In the words of an initial review:
Written in a thoughtful, provocative yet engaging style, Paradise Road is a book that will enthral, challenge and reward in equal measure. It will be a powerful addition to the growing debate on some of the key issues facing contemporary Scotland”
Scotball is the eagerly awaited follow-up to the author’s critically acclaimed debut novel “Paradise Road”. Scotball is a searing examination of the current state of Scottish football and the various social, political and economic forces that combine to strangle its integrity and potential.It will have a wide appeal being of interest to everyone concerned about Scottish football and its relationship to Scottish society.”

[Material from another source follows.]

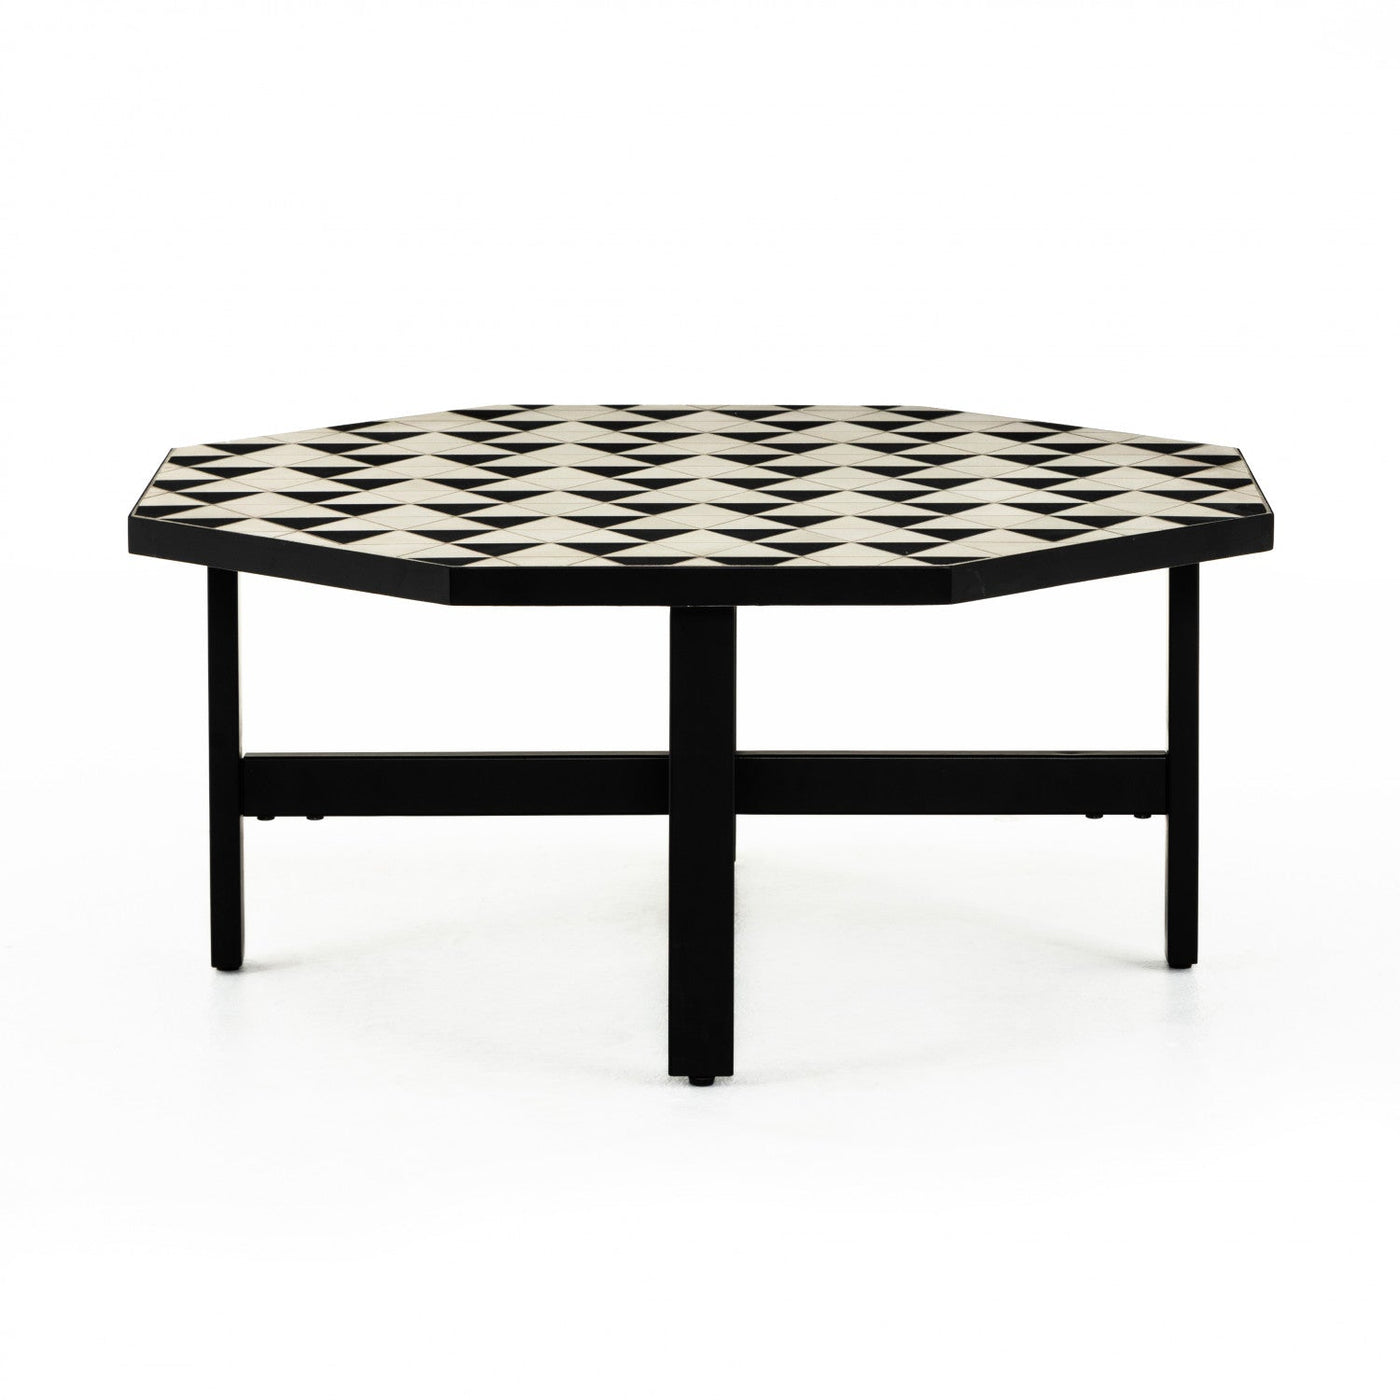 TROY OUTDOOR COFFEE TABLE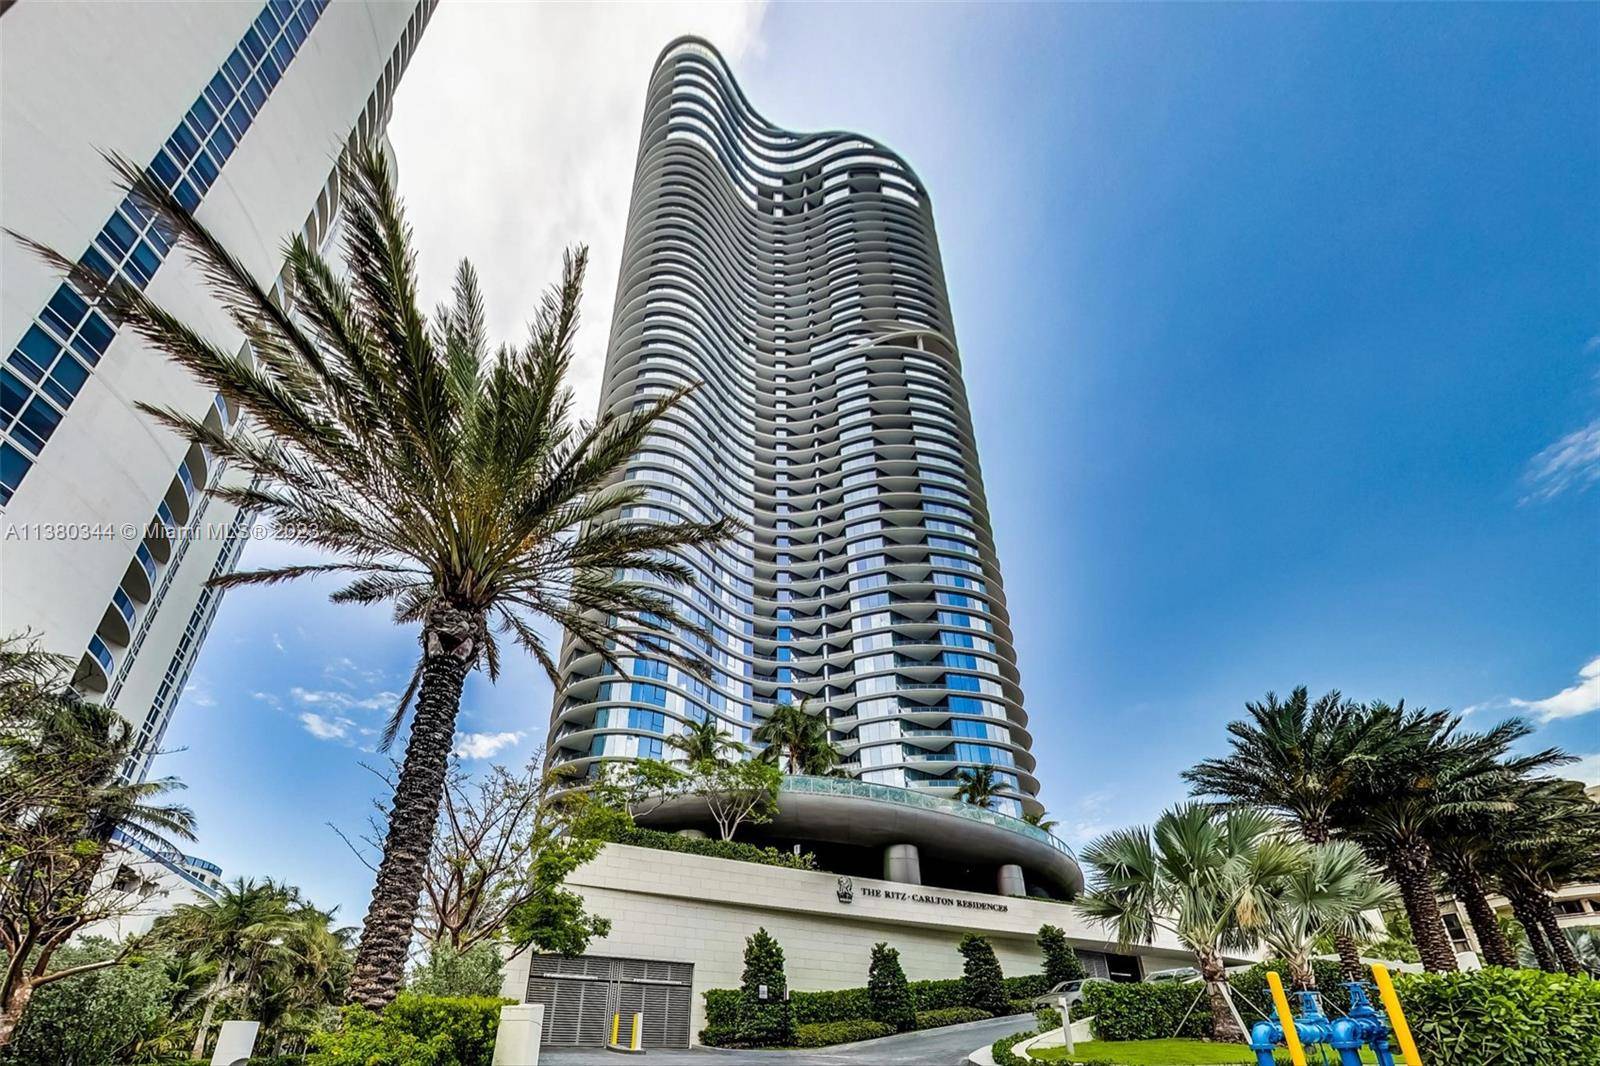 The 5 Star Ritz Carlton Residences in Sunny Isles, Fl brings you this 3 4.

Peter Fitzpatrick returns home to Kirkintilloch with his Czech wife after five years in Prague. Resuming his previous career in banking and financial service, he feels unfulfilled. His application to host a television programme discussing the hot topics relating to Scottish football eventually finds favour. ‘The Scottish Football Debate’, or ‘Scotball’ is born.
The show is an instant hit; it tackles the problems relating to the game in a forthright and intelligent manner. It wins praise for being uncluttered by the customary agendas and petty grievances which usually distort and disfigure these types of shows. The programme runs successfully for two full seasons, debating and discussing such previously taboo subjects as sectarianism, declining standards in Scottish football and the pejorative influence of finances and a too powerful media on the game, when the biggest story in the history of Scottish sport begins to unfold, namely the financial liquidation of Rangers.
Gradually the free reign that the show was permitted for open discussion begins to be checked, and due to hidden conflicts of interest, the editorial license of the programme makers is slowly eroded. The story concludes with Peter’s dramatic reaction to this establishment response to his programme.